» PROBLEM REQUIREMENTS
Reproduce word for word the line holding "Угрозы и ругательства" and all lines after it in the data, through the end, leaving out pictures.

» DATA BELOW
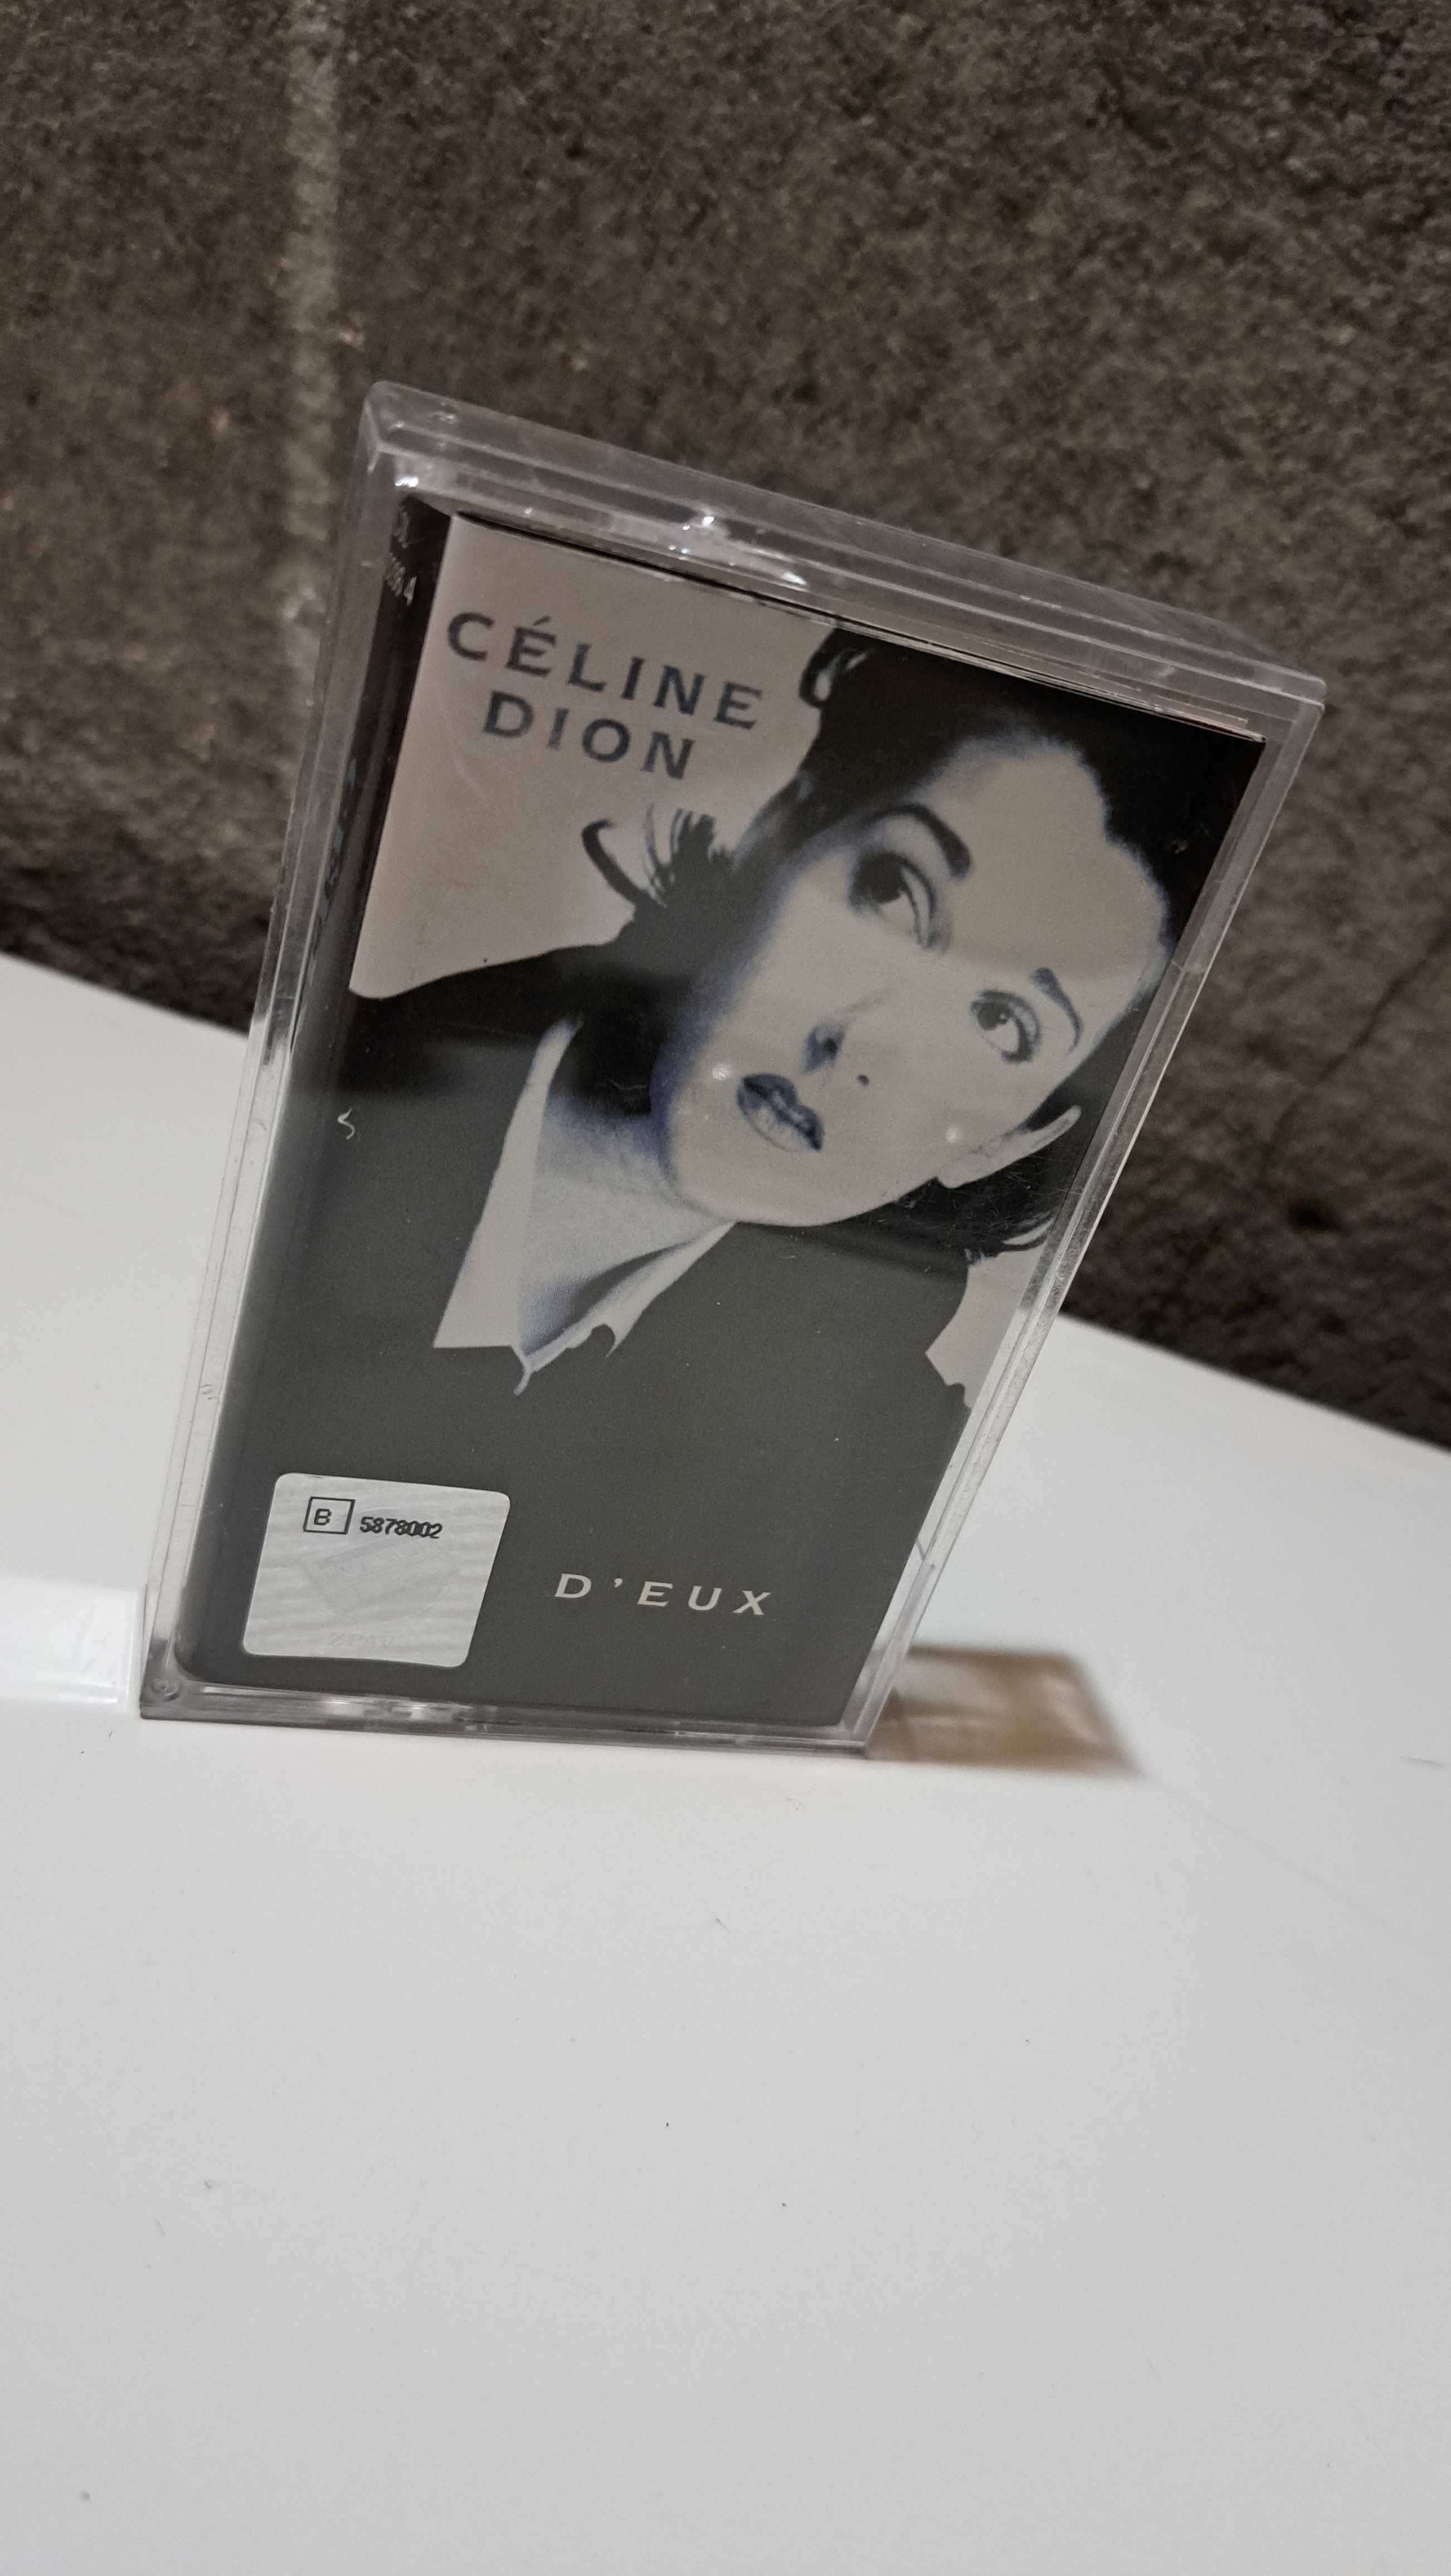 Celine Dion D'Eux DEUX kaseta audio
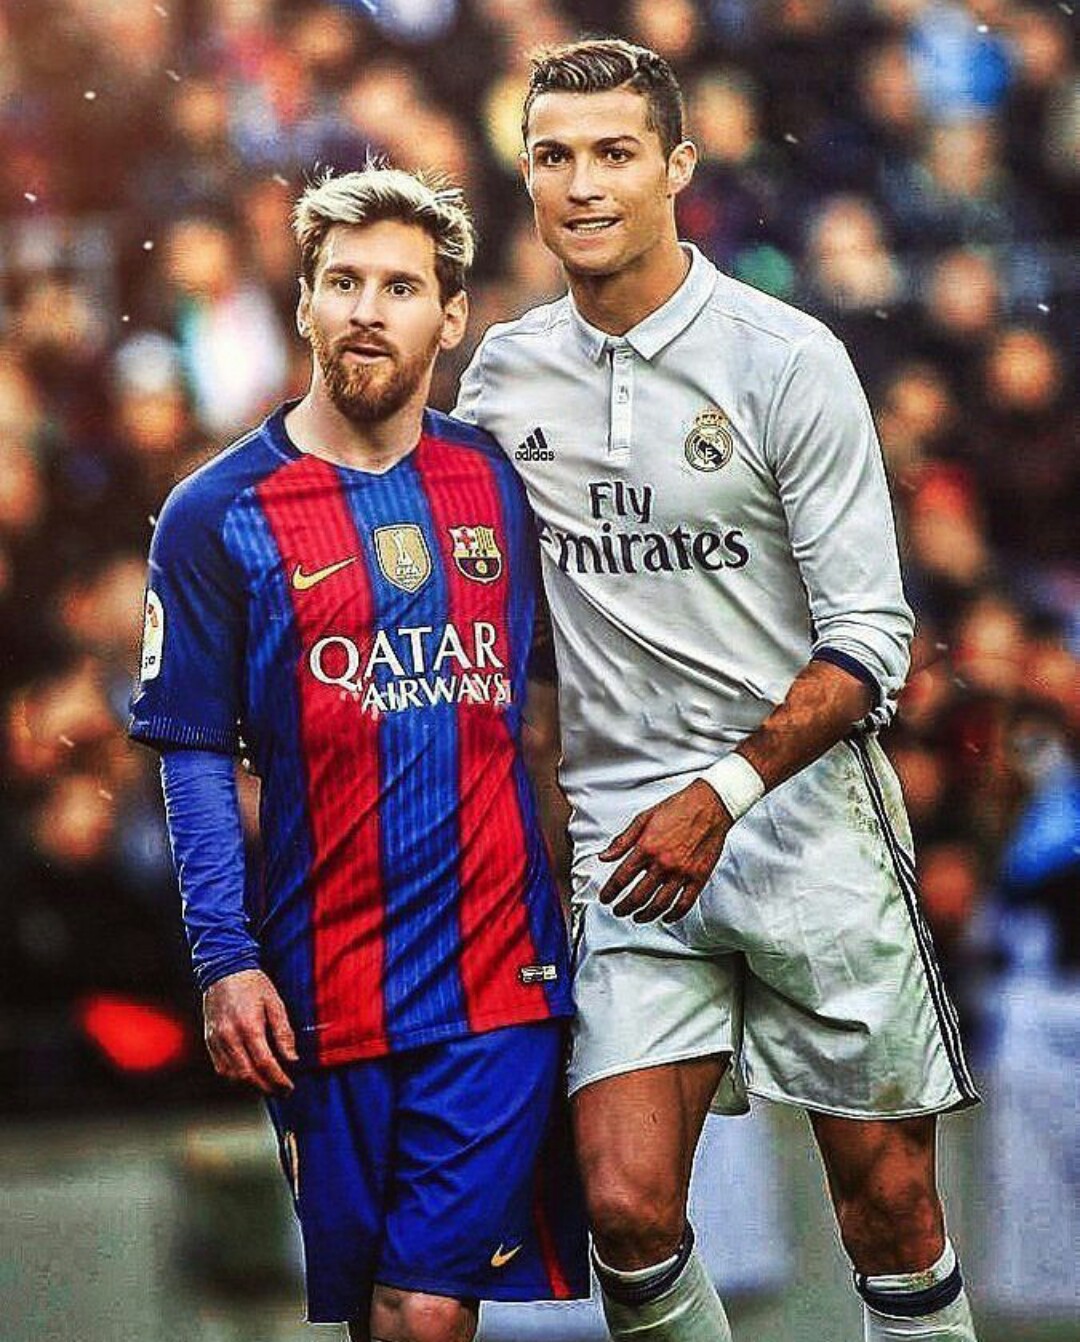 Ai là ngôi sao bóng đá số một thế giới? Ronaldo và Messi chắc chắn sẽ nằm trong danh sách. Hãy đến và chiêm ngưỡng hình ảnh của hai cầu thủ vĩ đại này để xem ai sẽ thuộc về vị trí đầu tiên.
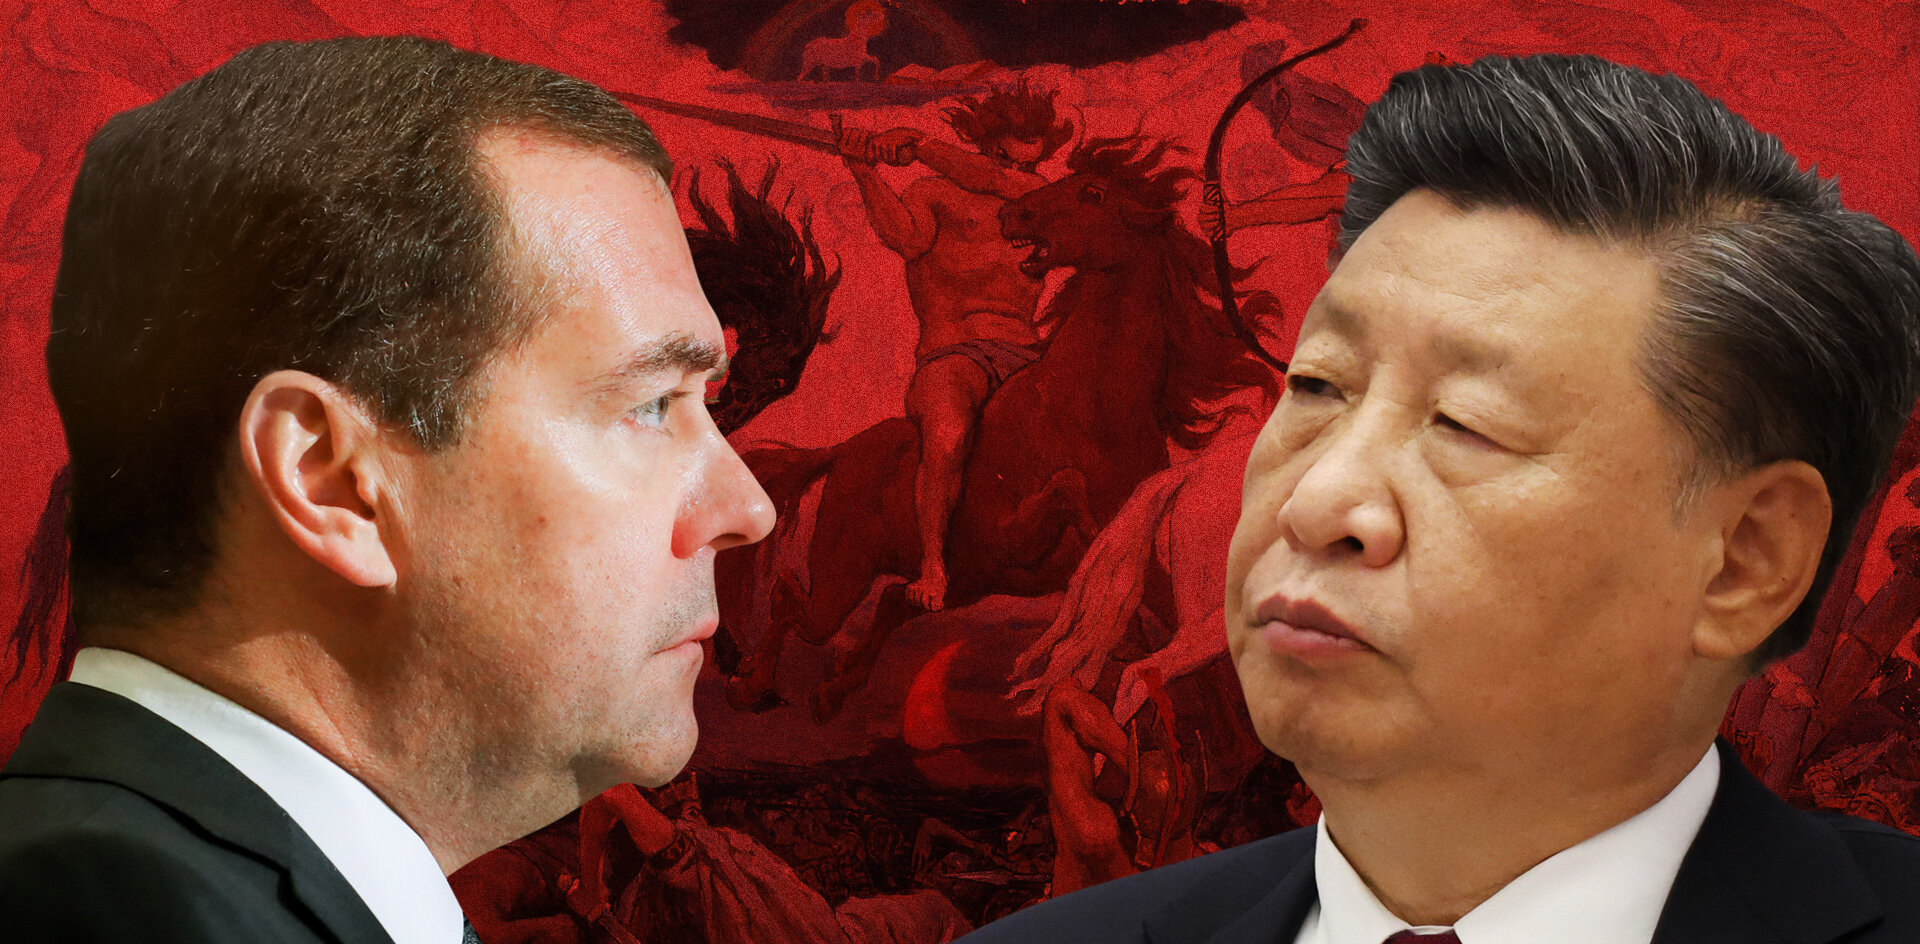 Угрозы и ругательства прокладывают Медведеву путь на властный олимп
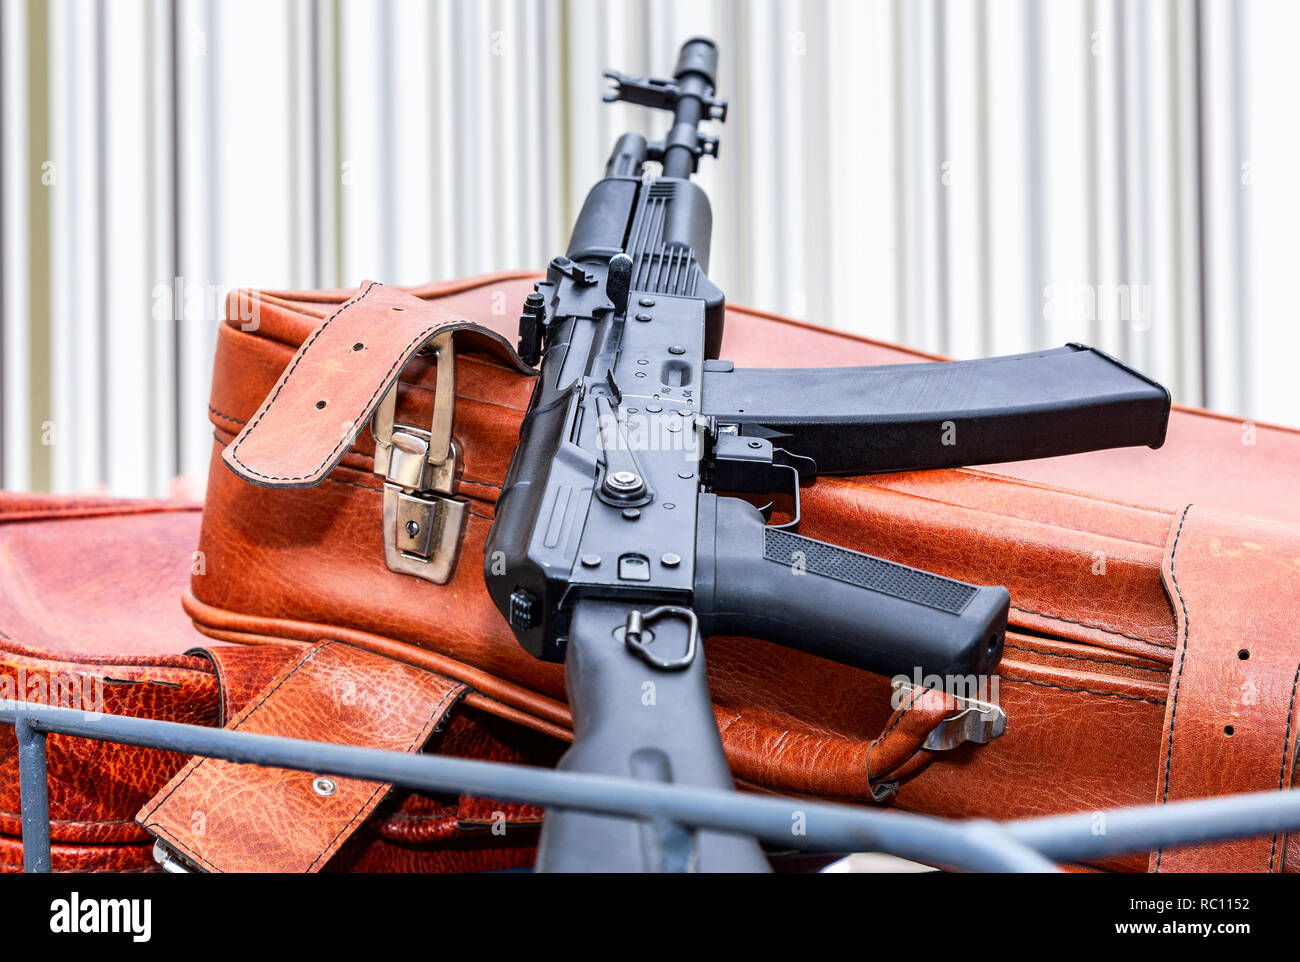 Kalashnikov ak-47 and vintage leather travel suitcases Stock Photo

» OUTPUT OF THE TASK
 Угрозы и ругательства прокладывают Медведеву путь на властный олимп
 Kalashnikov ak-47 and vintage leather travel suitcases Stock Photo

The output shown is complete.